Five:
THE ELECTRIC CHAIR ( excerpts )
. . . . New York State was in search of a humane method of execution. On June 4, 1888, Gov. Daniel B. Hill signed a bill authorizing the use of the electric chair. The jolt of electricity from the electric chair rendered the victim unconscious in less than a second, before any pain could be felt. The first execution [at Sing Sing] took place on July 17, 1891 . . . Harris A. Smiler being the first person executed at Sing Sing. Four other prisoners were executed by similar means on the same day at Sing Sing.
Executions usually took place at 11 on Thursday nights. Twelve witnesses, along with two doctors, the prison chaplain, the executioner, seven guards, and the warden, were required to be present.
The building that housed the electric chair was referred to as the Death House. It was a prison within a prison. There were 24 cells, plus an additional three cells for women. It had its own hospital, kitchen, visiting room, and exercise yard. The section where the prisoners spent their last day was called the Dance Hall. This pre-execution chamber was connected by a corridor, which was called the Last Mile, to a room where the chair was located.
ln 1928, the execution of Ruth Snyder caused a state of commotion and uproar. Snyder and her boyfriend, Judd Gray, were convicted in a triangle murder. . . .
Francis "Two Gun" Crowley was 19 when he was executed in the electric chair in 1932. . . . Crowley became the notorious two-gun
bandit when he murdered a police officer. While in the death house, he set his mattress on fire, fought with the guards, and destroyed his cell. Crowley was moved to a special cell that was isolated from all other prisoners on death row.
About three days after his isolation, a starling flew into Crowley's cell. He fed the bird, and it kept coming back. The next day, Crowley agreed to behave if he could keep the bird. Crowley tamed the bird, and the bird apparently tamed Crowley. Crowley spent the remainder of his time in the death house drawing and sketching. . . .

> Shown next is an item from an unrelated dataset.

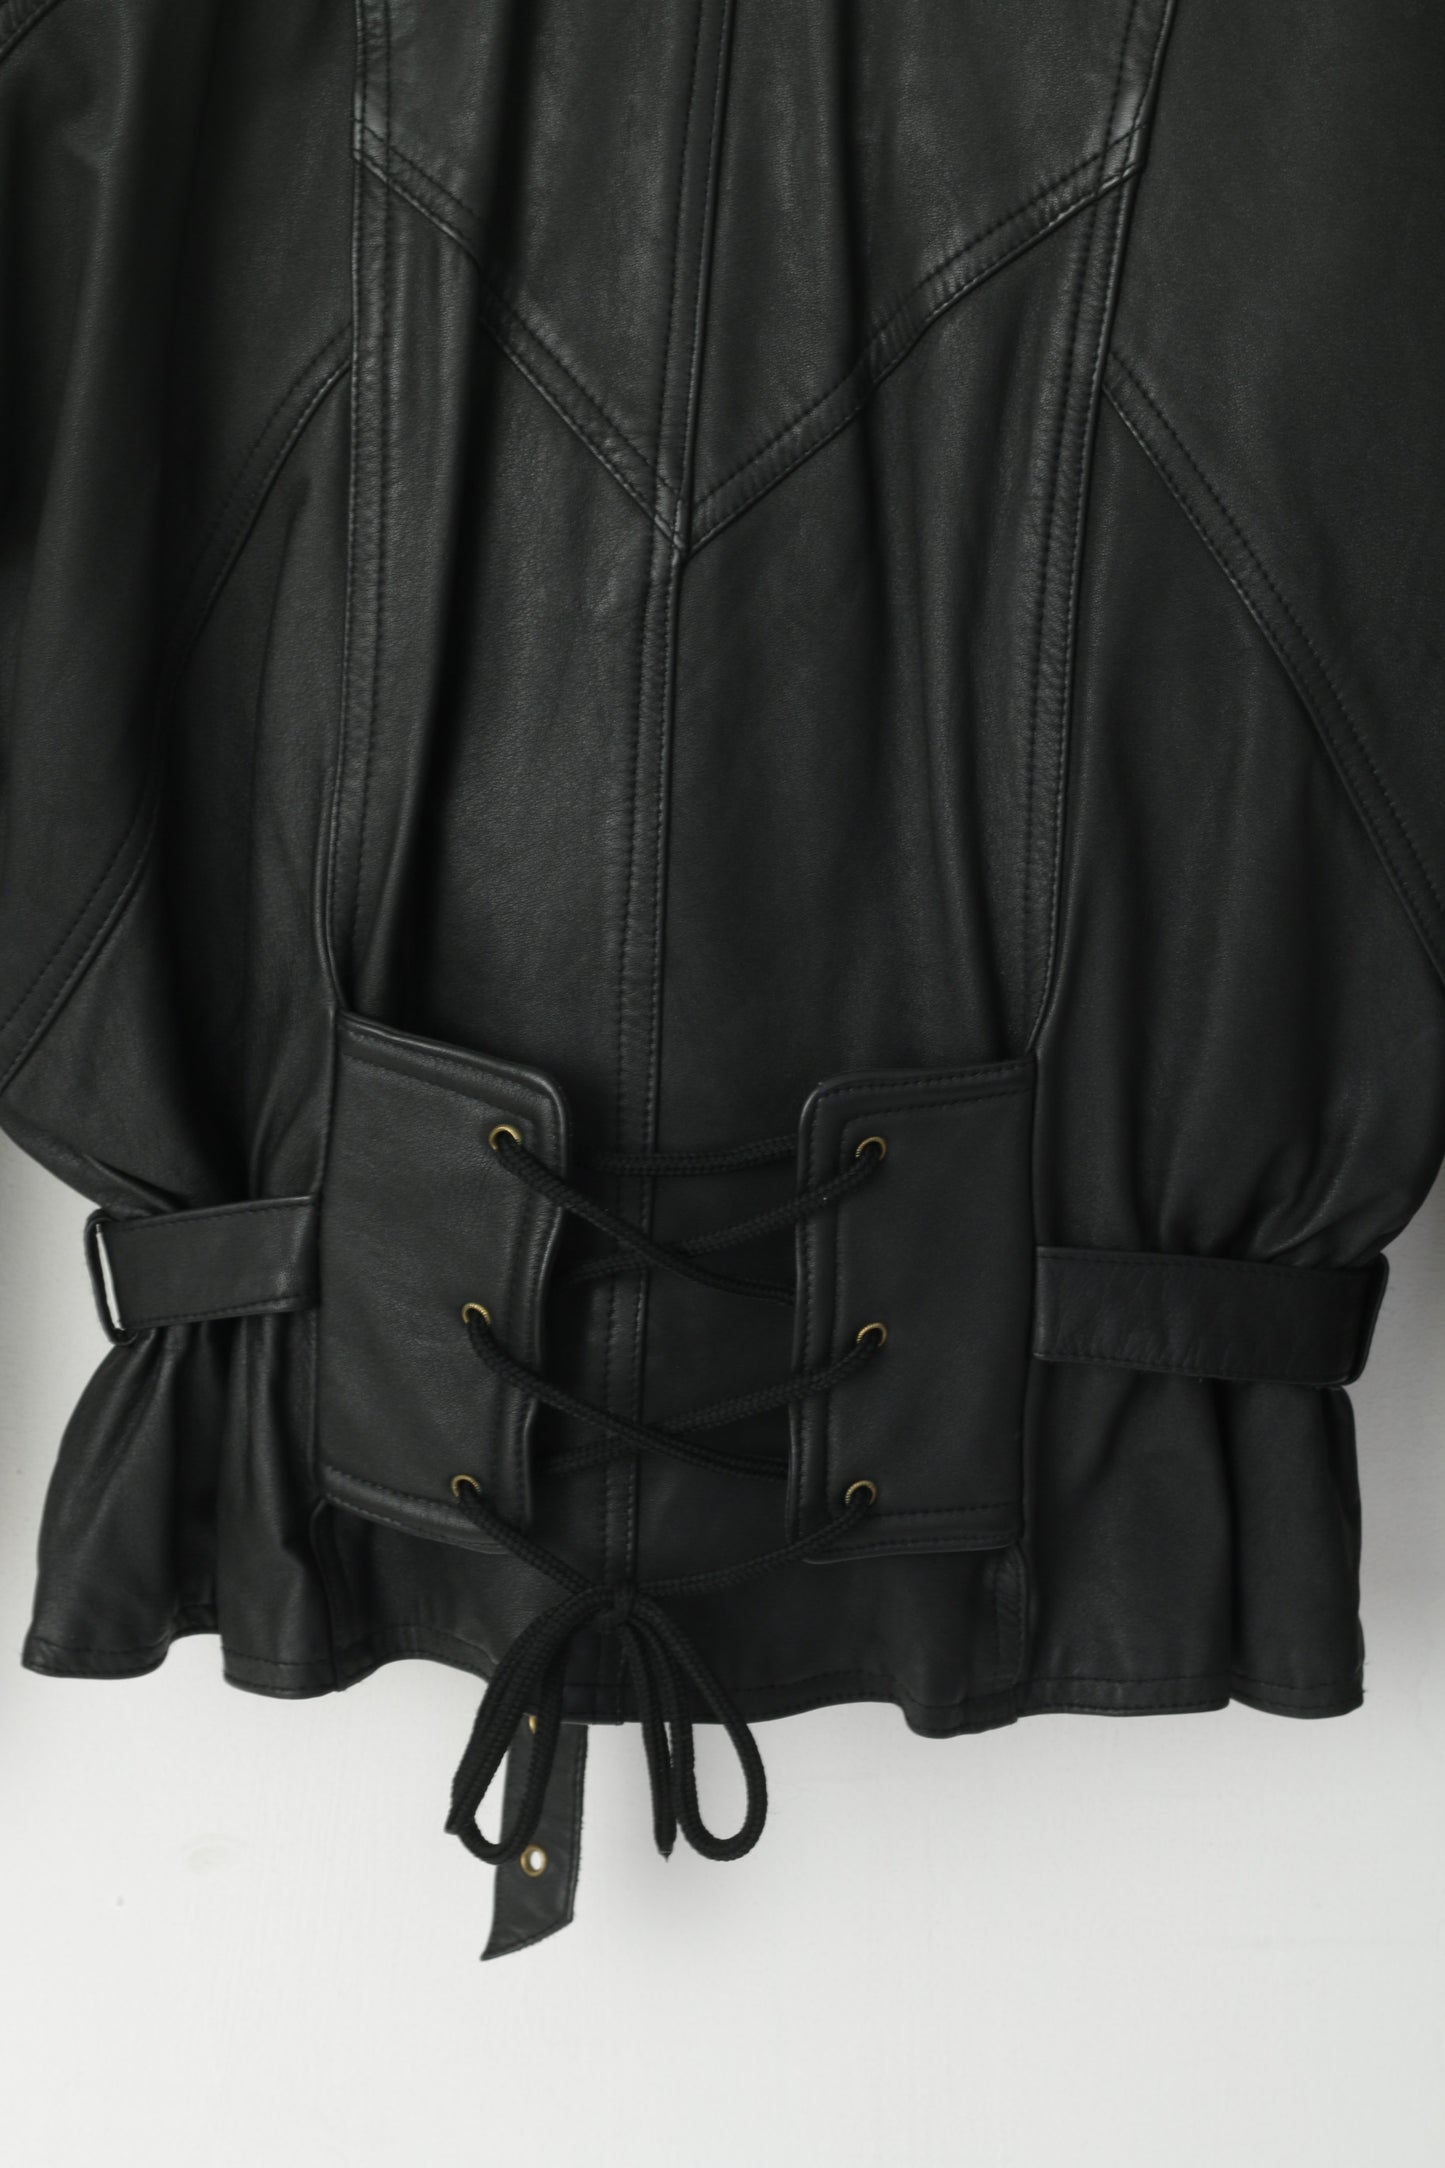 Elazar Women M Jacket Black Leather Vintage Soft Biker Removable Lining Zip Up Top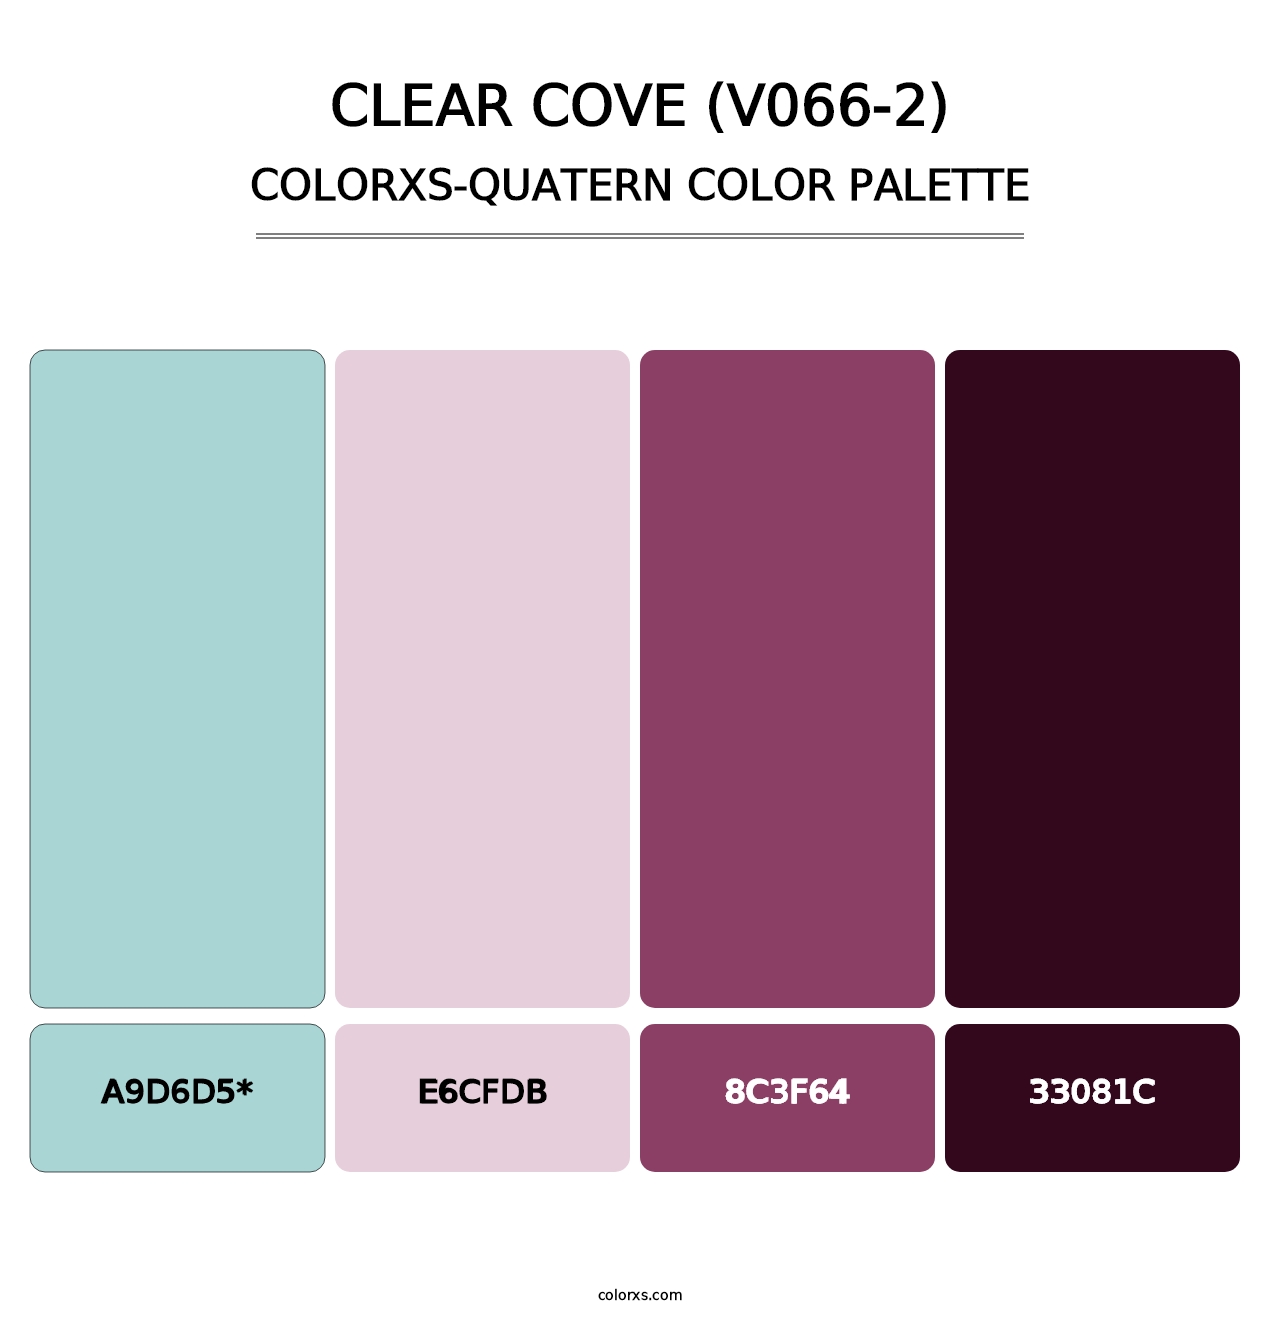 Clear Cove (V066-2) - Colorxs Quatern Palette

Julius and Ethel Rosenberg were the first civilians to be found guilty of espionage in the United States. In 1953, the Rosenbergs were convicted of conspiring to transmit atomic secrets to the Soviet Union. . . . As the hour of retribution approached, crowds gathered and demonstrated at the gates of Sing Sing and in New York City, London, and Paris.
A total of 614 men and women died in the electric chair in Sing Sing, and since 1914,all executions in New York State were done there. The last execution at Sing Sing Prison occurred on August 15, 1963.